1. The traditional risk toolkit – controls, limits, measurement tools – is inadequate to manage all of the concurrent disruptive forces a business will face. While these tools are still essential, companies must also develop an adaptive, enterprise-wide culture of risk awareness and mitigation. Managing risk isn’t just about response and recovery and it is not a matter of defending a company against each and every risk that could come its way. It is more about building insight into risk and long-term resilience to risk through constant adaptation and evolution.
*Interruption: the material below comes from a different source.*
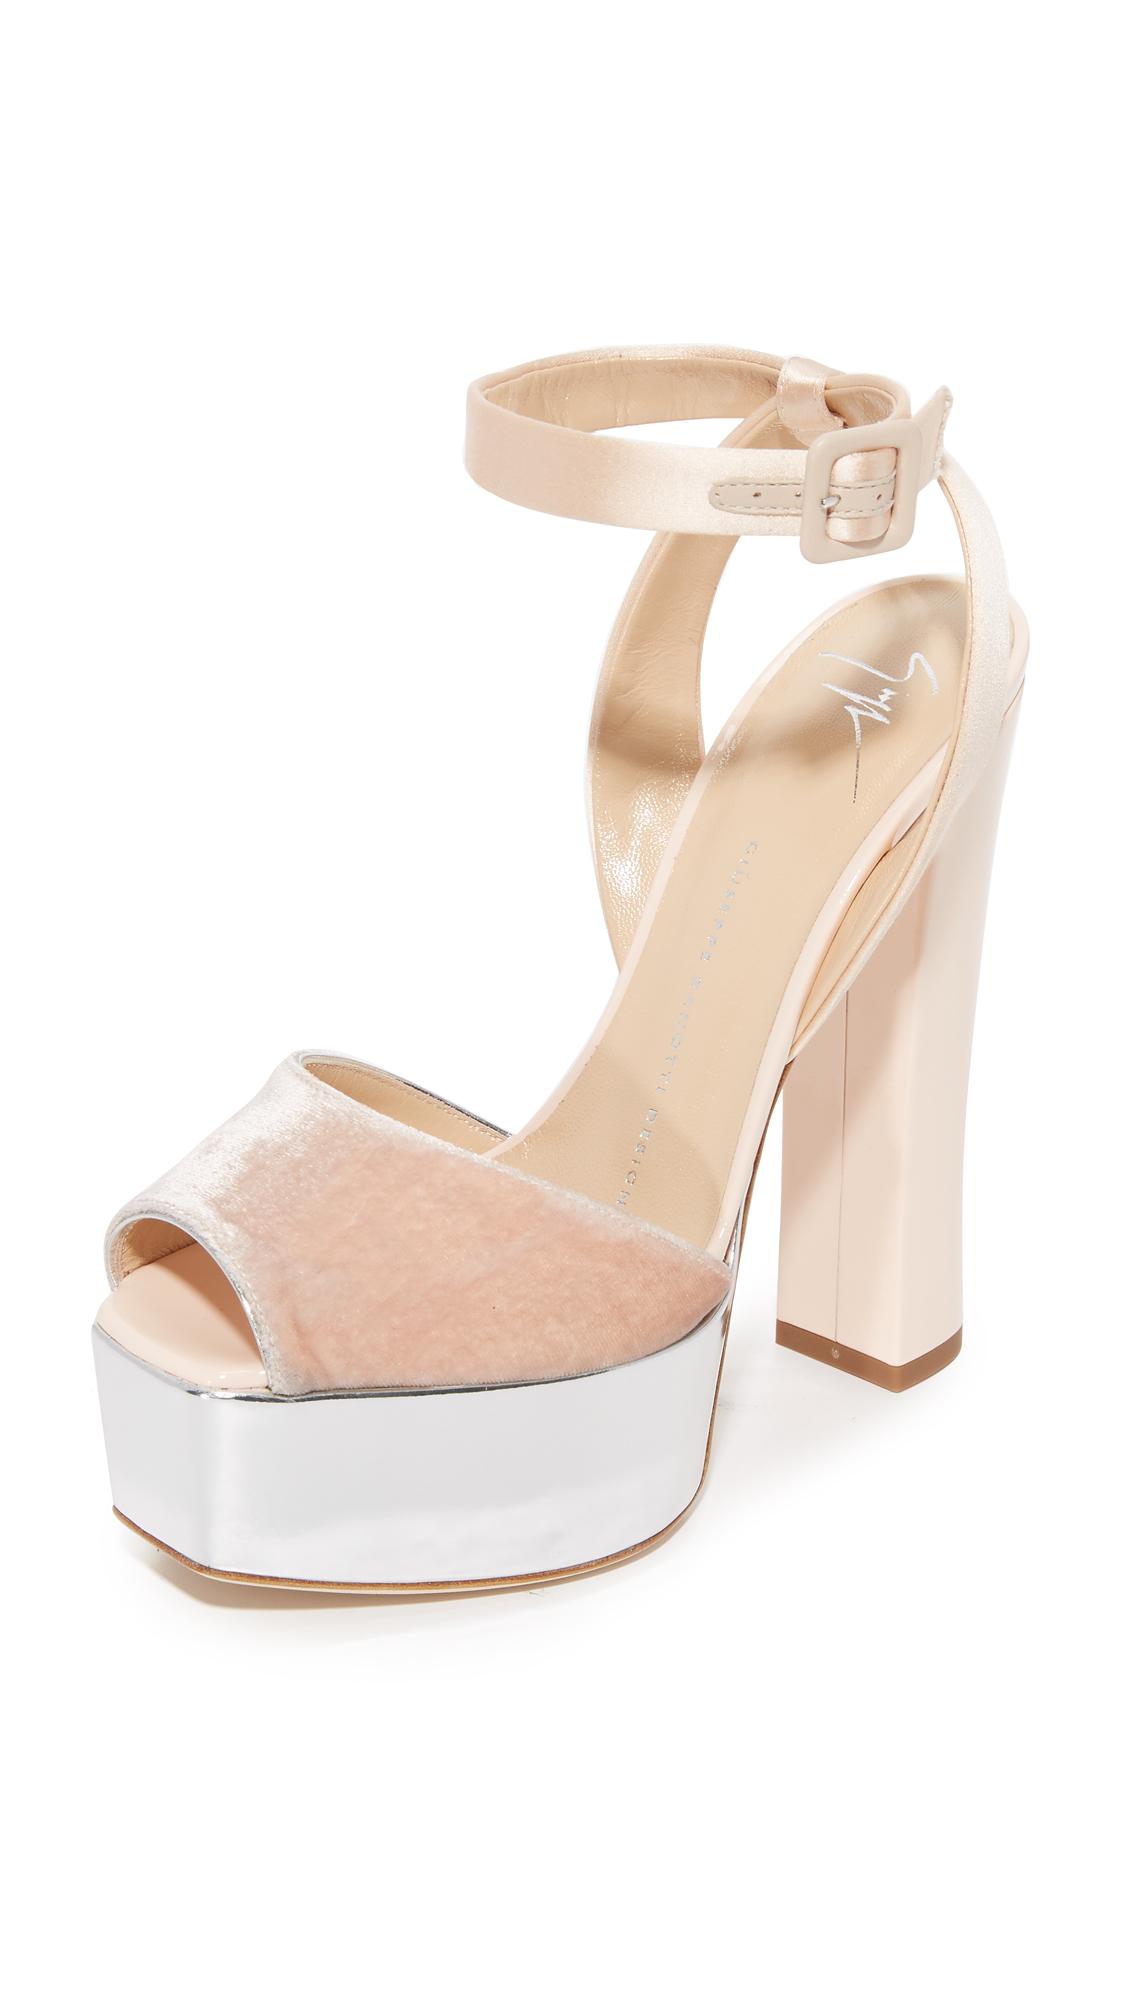 Giuseppe Zanotti Platform Sandals - Cipria at Shopbop

2. Risk cannot be ring-fenced, or simply left to a CRO or the ExCo to handle. There must be an enterprise-wide understanding of the need to generate practical solutions to risk mitigation in order to deliver successful outcomes for the business. Risk-mitigated outcomes, if developed with a “Risk Management by Design” approach, can safeguard organisational value in addition to delivering operational and commercial benefits. There are signs that a wider range of senior leaders – from COOs to CIOs – are increasingly open to embracing and owning the need to integrate a pragmatic risk mindset and subsequent approaches into their functions. Ultimately, this is a matter of survival, facilitating the growth of consumer trust, operational effectiveness and delivery of commercial value if implemented effectively and efficiently. Risk mitigation is not simply a 2nd line control function seeking to mitigate the risk taking of a 1st line focused on top line growth – it is a responsibility and duty of the whole organisation to address. When faced with so many rapidly evolving disruptions, only those businesses that are agile enough to adapt will survive and go on to thrive.
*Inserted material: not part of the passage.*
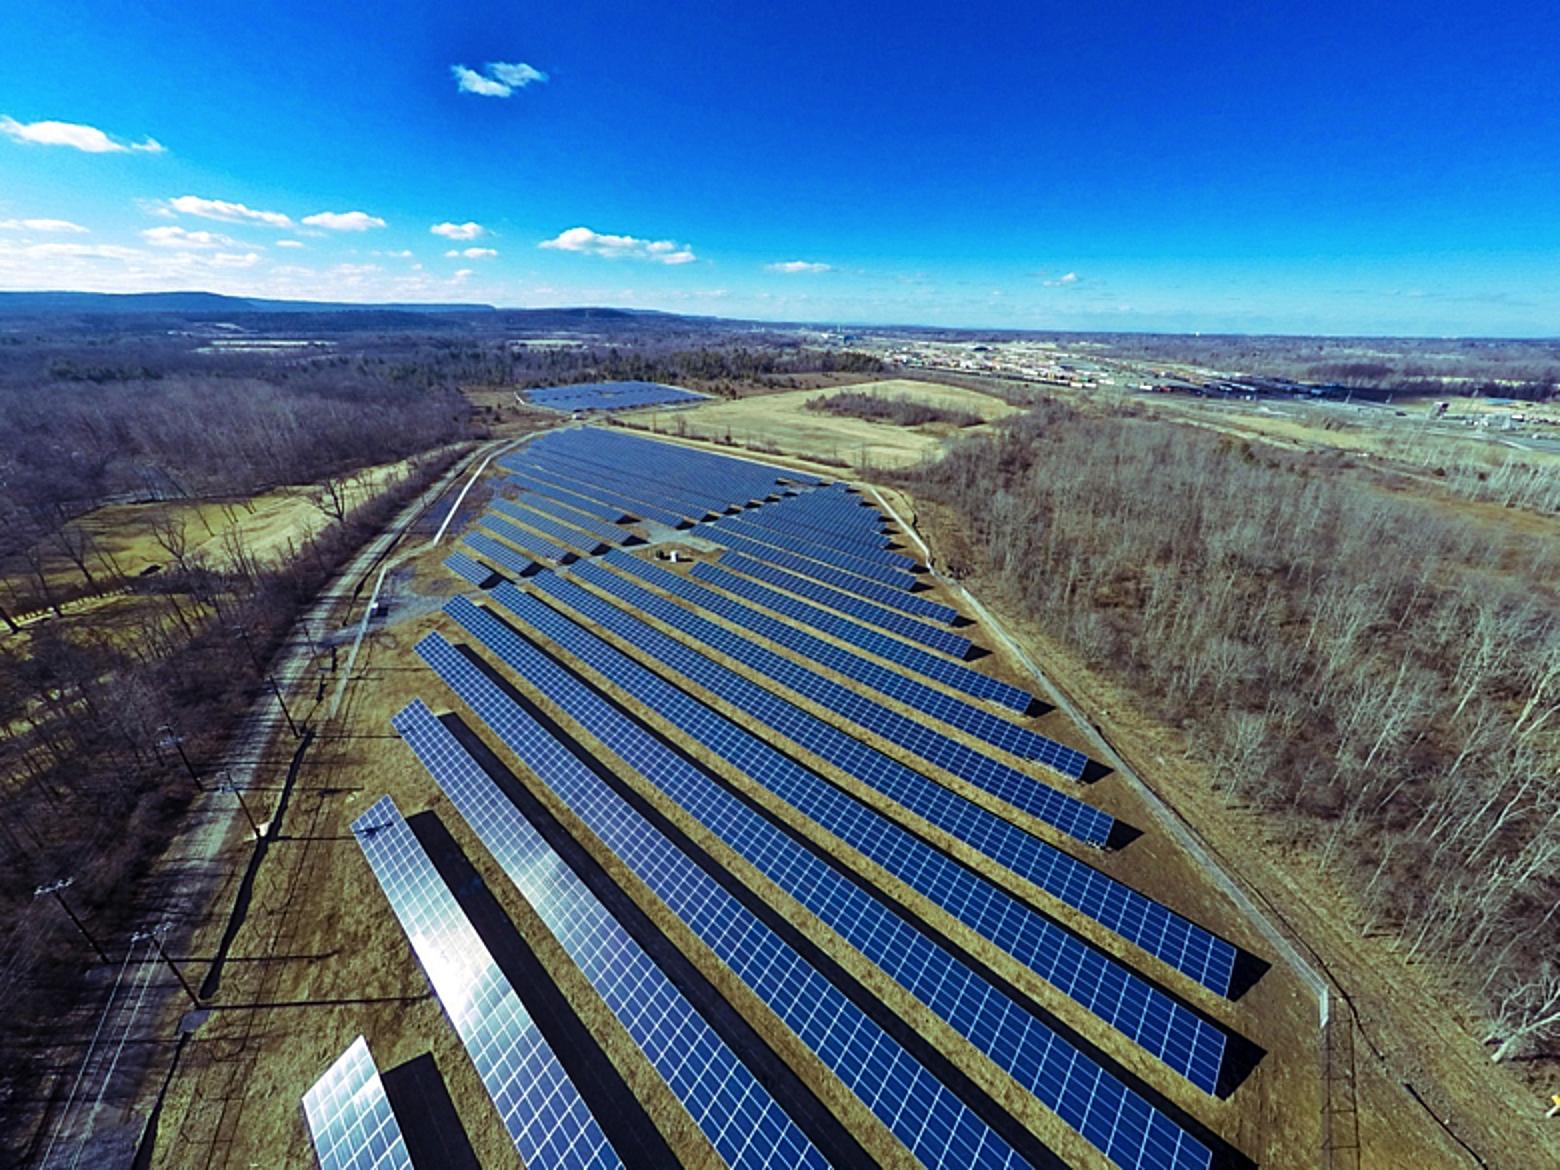 Town of Bethlehem solar photovoltaic system.  NextEra Energy Resources

3. Risk should not be seen as something to be minimised. In our experience, many businesses make the mistake of seeing risk as inherently separate from innovation and driving value. Where the management of risk is aligned with the delivery of strategic objectives, significant value can be achieved – be it through removing the threat of punitive fines from regulators, innovating with new offerings and processes, strengthening consumer trust and driving good customer outcomes, or taking actions that can help the business succeed in new markets. For example, misuse of data is clearly a major risk for businesses, but when data is captured and used correctly and compliantly, it can be a source of huge competitive advantage.


Effectively managing risk and building greater organisational resilience in 2022 is an imperative. It is about embedding “risk management by design”, irrespective of the industry or geographical market you may operate in. If siloes can be broken down to help every function understand the risks it is exposed to, including honing-in on the enterprise-wide aggregation of risks, the commonalities in operational controls and develop operating structures to foster ownership and effective governance, then a true culture of resilience can be embedded within an organisation’s DNA to successfully manage the challenges ahead.

A fresh approach is needed that places “Risk Management by Design” and therefore business resilience at the core of enterprise-wide decision making.